In the international arena, Indian cinema has improved a lot, technologically speaking. But we have such a treasure in our collective culture, such diversity in literature and subjects and there is hardly any reflection of that in our cinema. In my opinion, if you compare Indian cinema with world cinema, the former is still mediocre in quality. If you look at the recent films of Indonesia, Iran, Korea, the Philippines, you will see that in spite of great potential, our cinema is not quite of that level. One thing I gathered from my travels to festivals abroad and from my friends outside India is that they feel Indian films lack originality. This once again leads us to the question: how Indian is Indian cinema. Most certainly we get inspired by others’ cinema, but we also need to have our own cinema and our own content.

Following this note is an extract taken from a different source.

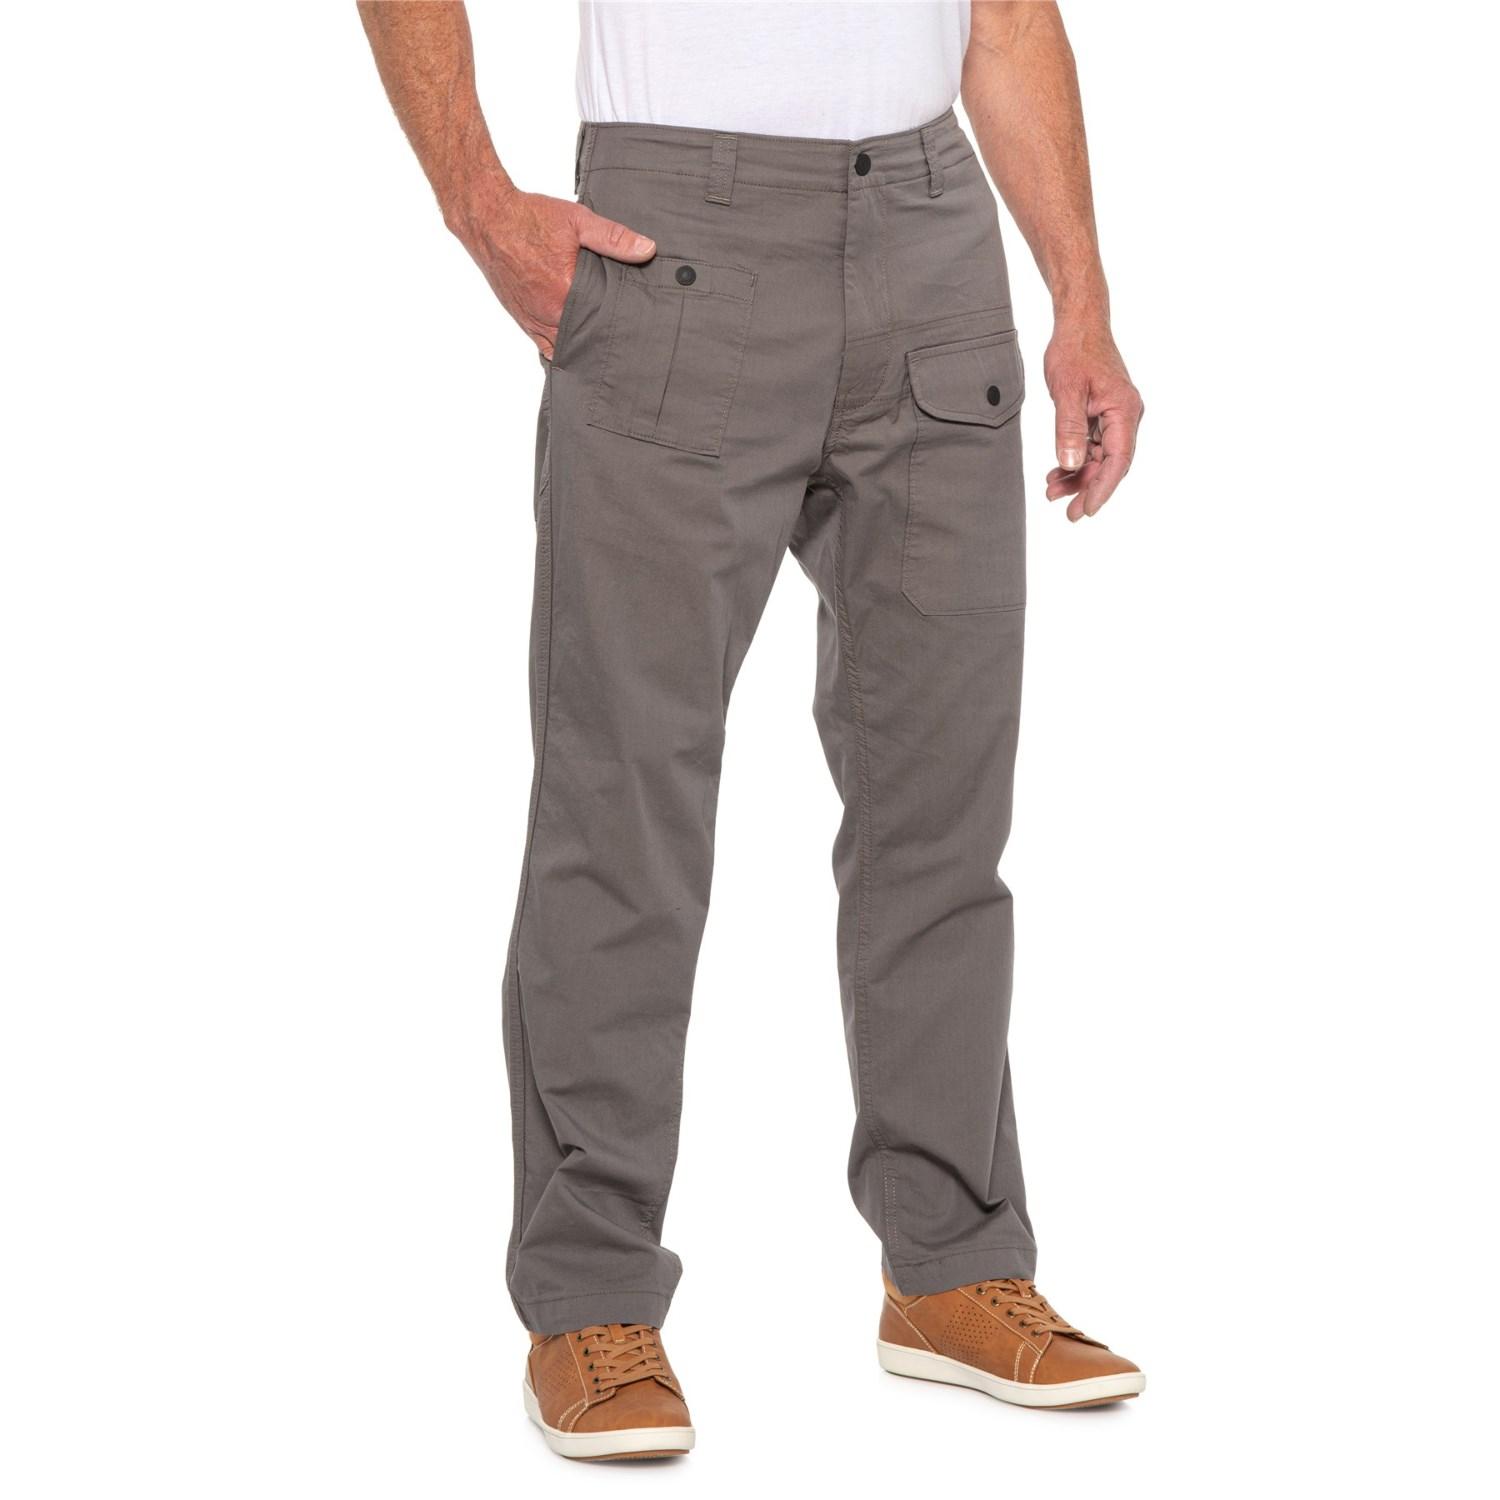 Levi's T3 Ms 541 Tac Cargo Pants in Gray for Men - Lyst

Frog in a well Now, as far as Bengali cinema is considered, it is a very small industry. Recently, a lot of films are being made, funded by chit funds. Though the number of productions have increased in the last two or three years, there is no infrastructure, no business model, and no honest attempt to open the market with Bangladesh. Two of my films, Padma Nadir Majhi and Moner Manush , were co-produced in Bangladesh, and they had huge releases and my producers earned more money than normal Bengali films. The wide audience that it could reach made this possible. The mentality of the Bengali film industry, I feel, is akin to a frog in a well. It is not coming out. They should do what the Tamil and Telugu industries have done—they have taken their films abroad to the diaspora. The turnover of the south Kolkata bidi business is perhaps much more than the turnover of the entire Bengali film industry [smiles]. Of course, I say this in jest. But the turnover is very small.

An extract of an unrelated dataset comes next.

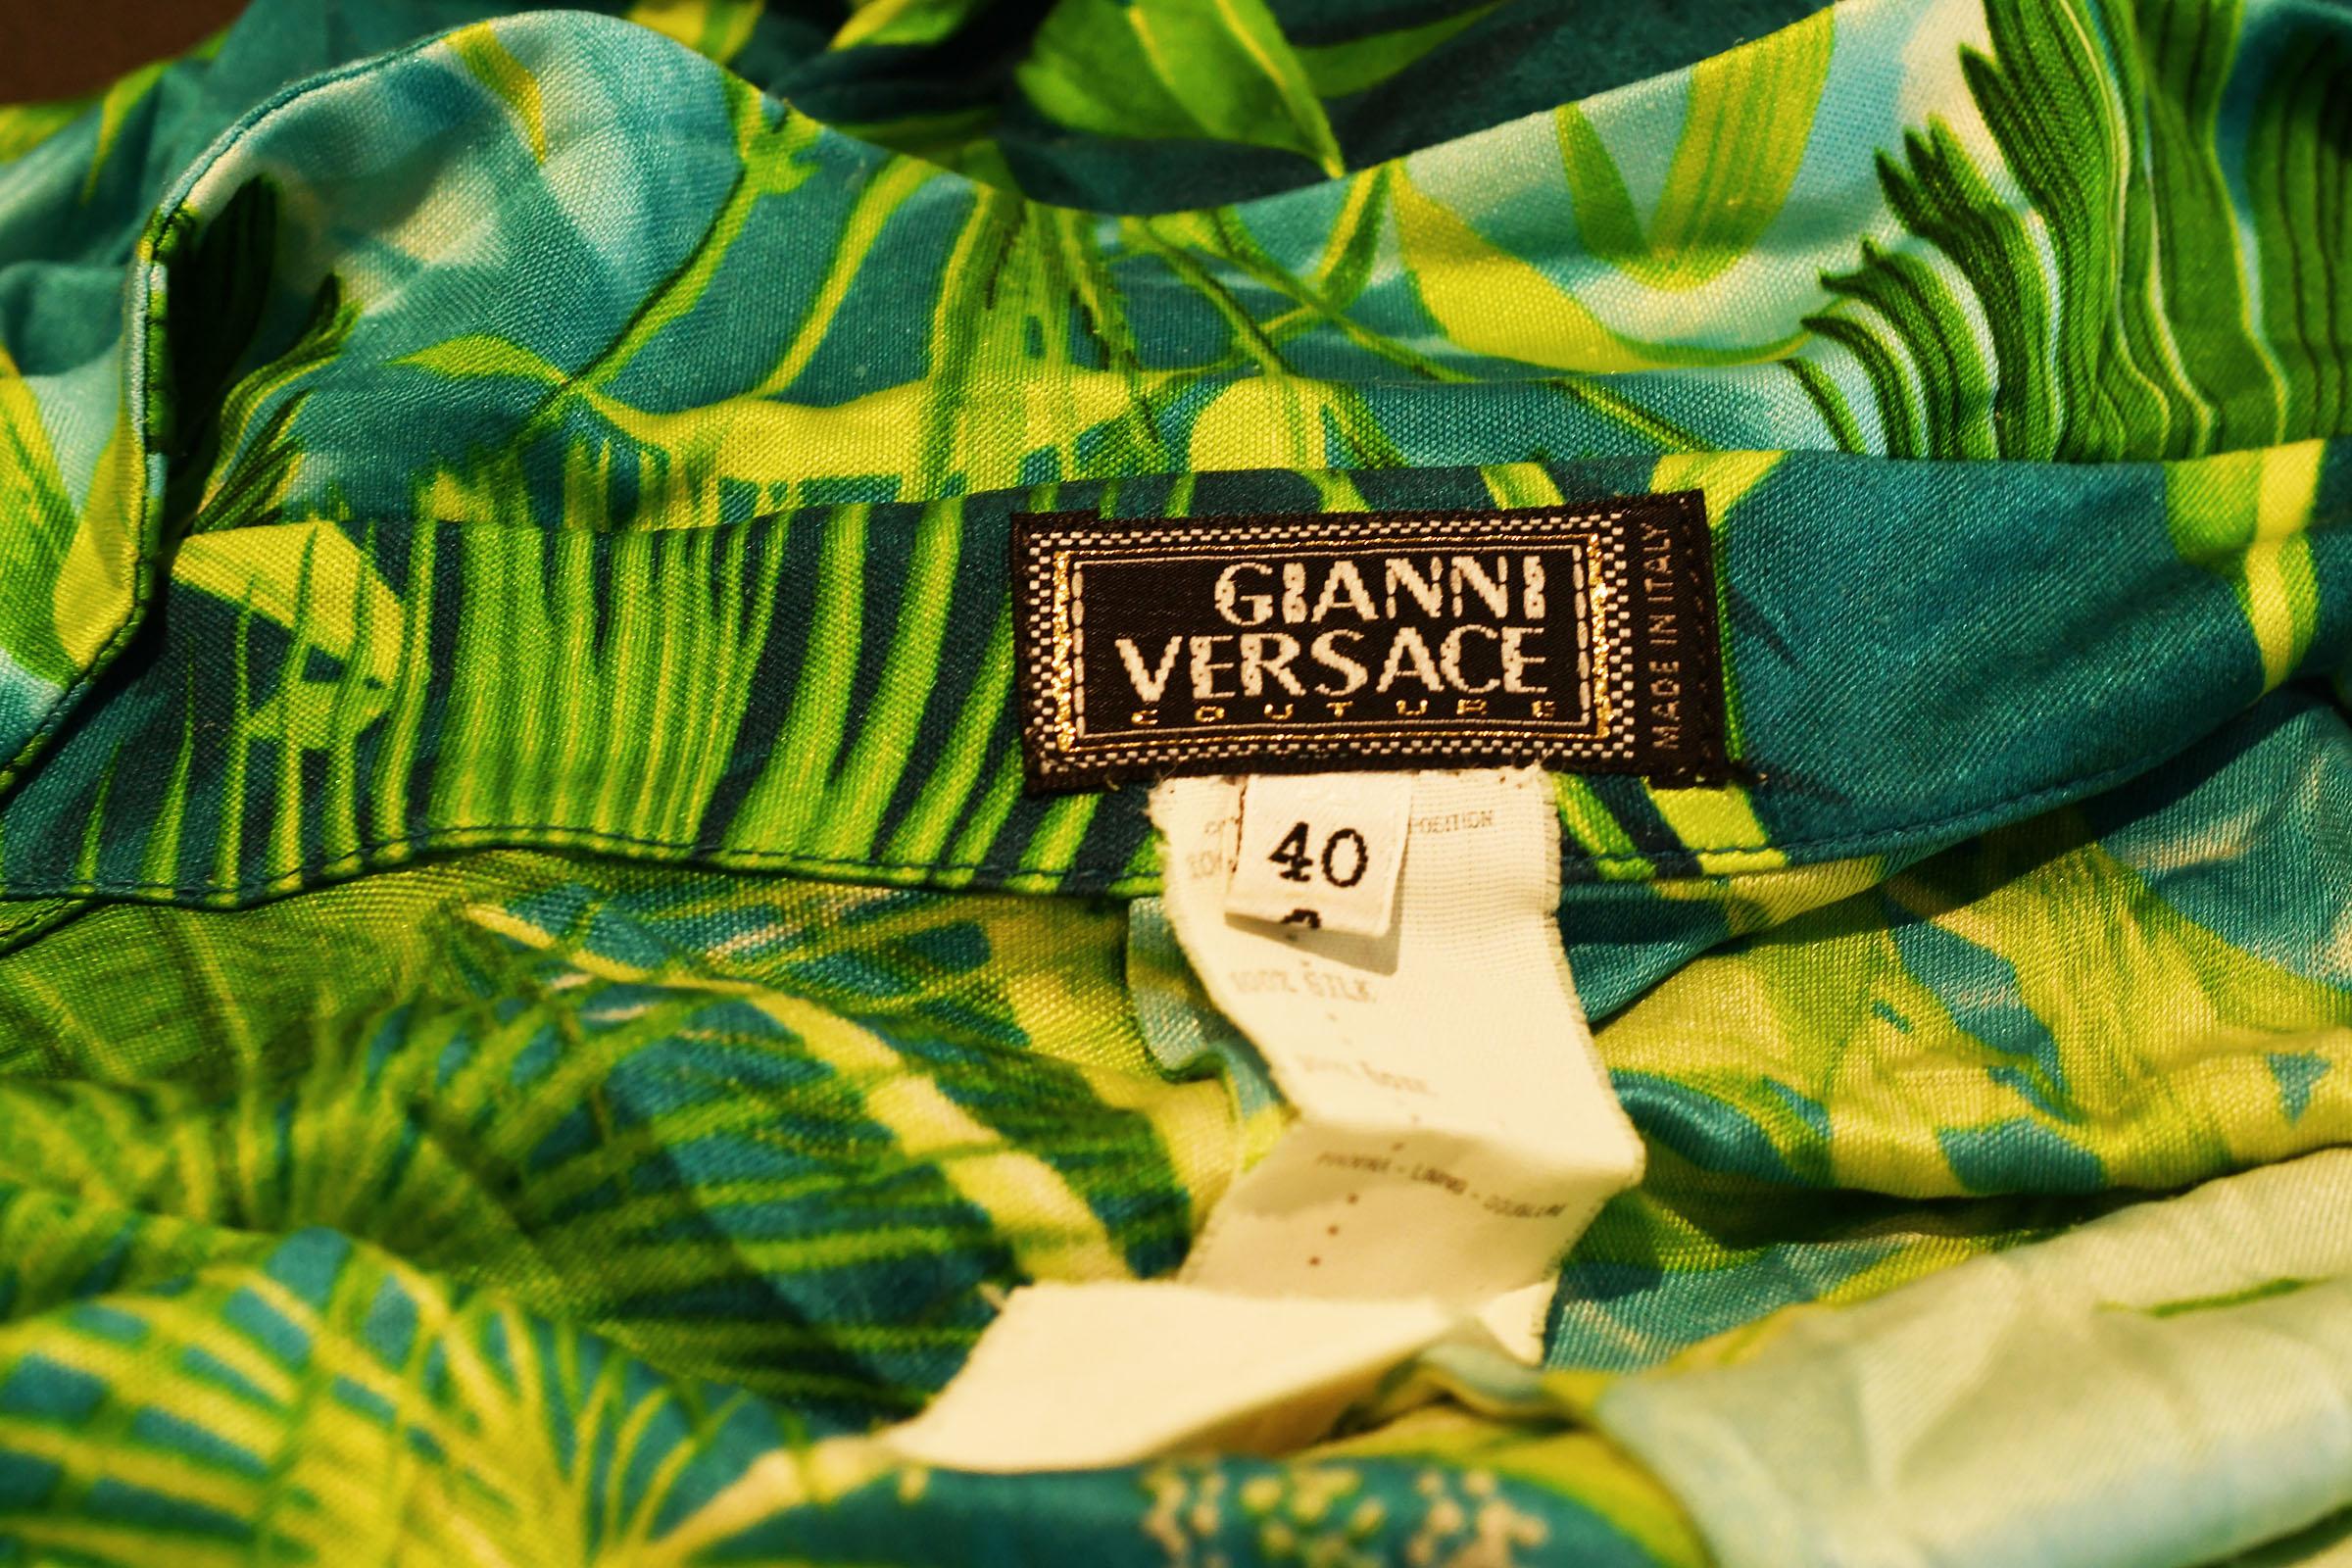 Women's Iconic Gianni Versace Couture Tropical Print Dress - Size IT 40 For Sale

I got into film-making primarily because I just loved the medium. I wanted to make Bengali films because I knew the milieu so well, and we have such literary treasures. I also made Hindi films— Paar , Patang , Guria , Yatra —mainly because I found the backdrop interesting, which is the Hindi-speaking belt. I will again make films in Hindi, but I also would like to make films in a regional language. My last film, Sunya Anka , is a multilingual film, which has Bengali, Hindi, English and a tribal language. You see, we in India speak many languages, so I think it is important that there be more multilingual films. There should be a kind of exchange between different regions—dub each other’s films and release them. There are many brilliant films being made in, let us say, Kerala or Maharashtra, but the people of Kolkata do not have the opportunity to see them.

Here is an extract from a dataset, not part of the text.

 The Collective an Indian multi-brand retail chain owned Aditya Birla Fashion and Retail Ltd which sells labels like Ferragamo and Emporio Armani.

When I started my career as a documentary film-maker (in the early 1970s), Bengali cinema was financially in very bad shape. Uttam Kumar was the superstar, and he alone was holding the industry aloft. After his death (in 1980), there was a huge crisis. Bengali cinema really went downhill, and then a handful of film-makers started copying from Tamil films and others, which was of interest to a section of the people. There was a bunch of us—me, Aparna Sen, Buddhadeb Dasgupta—who were trying to make films of quality. Then there was the generation that came immediately after us, like Rituparno Ghosh and others, who have been doing very good work. I was lucky in that I never had any problems with my producers. Whenever I wanted to make a film, I could. I have tried to maintain a kind of honesty in my films and I was never really attracted by the demands of this New Economy. Moreover, I also have other interests—I like to travel, meet people, pursue my studies, etc. I don’t make too many films, but I continuously make documentaries. At present, I am making one on Gunter Grass and another on optical images and painted images.